А еще Маю тогда вдруг представилось, что он смотрит не на нутро долговременной укрепленной огневой точки, а на жилье придавленного обстоятельствами человека эпохи битвы за титан. Интерьер этого жилья не радовал глаз - тяжелый кинетический пулемет на уродливой золотой треноге, наваленные кучей коробки с лентами в одном углу, бак с ржавой водой в другом, четыре покрытых старой плащ-палаткой снарядных ящика, да ниша с пайками и личными вещами, вот и весь интерьер. Больше всего это было похоже на внутреннее пространство склепа, на обиталище живого мертвеца, зомби. И как только он не замечал этого раньше? Может быть, благодаря "Кровавой Жанне"? Или чаю?

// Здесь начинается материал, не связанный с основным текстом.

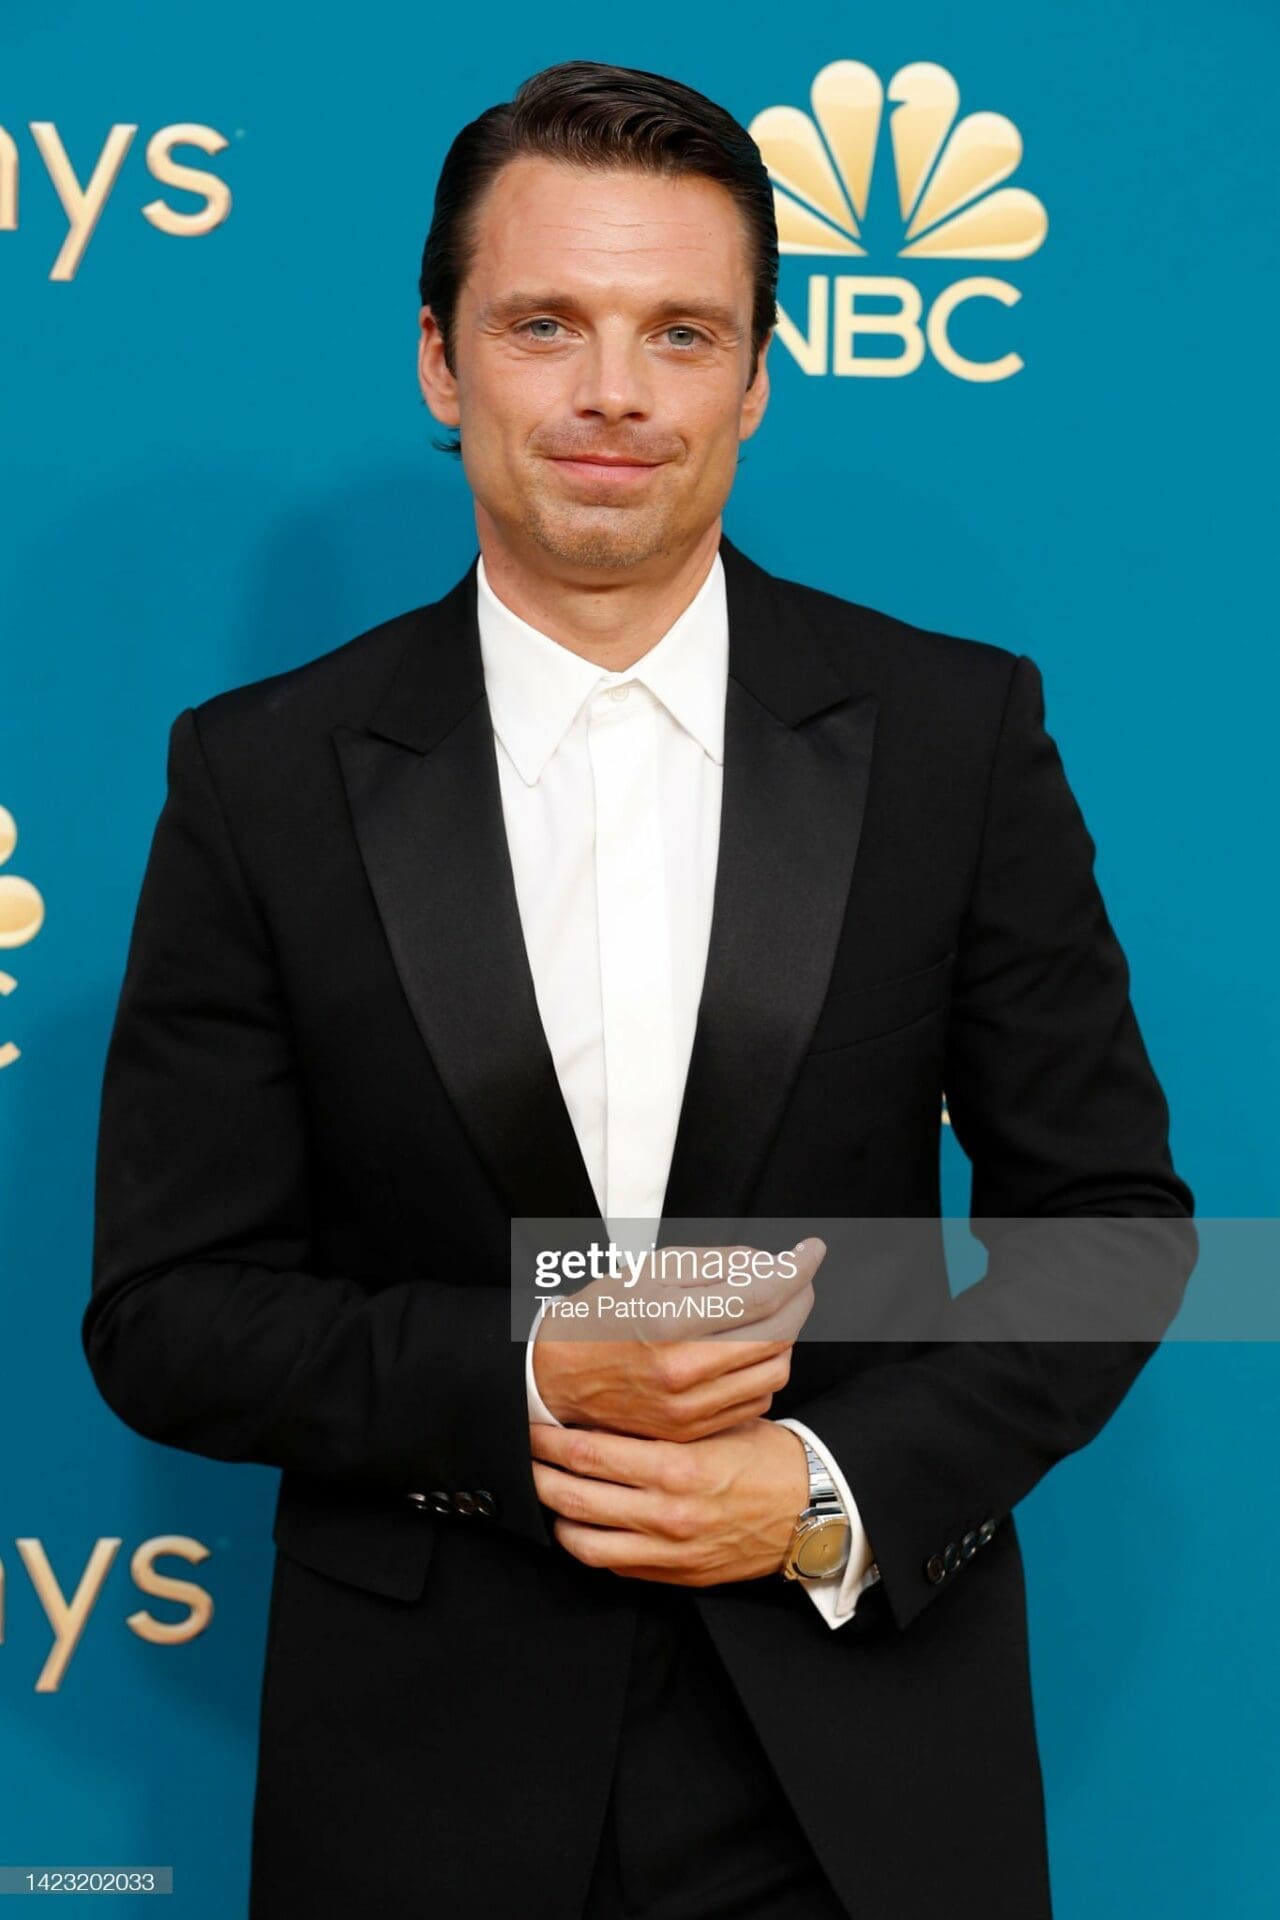 watches at the Emmys

Скорее всего - благодаря чаю, подумал Дей. Он вынул из кармана выходных бриджей пакетик с изображением синего орла, надорвал его зубами, быстро вдохнул содержимое и снова осмотрел бункер. Теперь все это стало больше походить на жилье хомо, точно больше, но не намного.
- Прощай, дом, - сказал ОДисс, поднимаясь по бетонным ступенькам, - проклятый дом...
Добравшись до куска грязного брезента, он откинул его левой рукой и выбрался наружу.
Снаружи было тихо и безлюдно, окопы, по-видимому, еще спали, только на позиции ближней распылительной установки залпового огня толпилось несколько солдат из заградительного батальона. Дей сразу опознал их по эмблемам на рукавах и беретах - тяжелым золотым черепам со скрещенными костями. Заградители курили и тихо переговаривались, но когда сержант появился на пороге бункера, от их компании отделился один - широкоплечий, приземистый с совершенно зверским тяжелым лицом, и пошел прямо на него. Он почти беззвучно подошел к сержанту, вяло козырнул ему двумя золотыми пальцами и тихо, словно бы боясь разбудить спящие окопы, представился:
- Лейтенант Мучу из первого заградительного батальона. Назначен охранять вас до выезда из части.
- Так значит, это вы будете обеспечивать мою безопасность? - с иронией спросил Май. - Это вы будете сегодня моим ангелом-хранителем?
Лейтенант Мучу кивнул сразу всеми своими беретными черепами и уставился на ОДисса с неодобрением (так ему тогда показалось).
- А вы уже под чаем? - процедил он сквозь зубы. - Прямо с утра?
- Сколько у вас людей?
- Двенадцать.
- Послушайте, но это же смешно. В сложившихся обстоятельствах вы не сможете защитить даже себя.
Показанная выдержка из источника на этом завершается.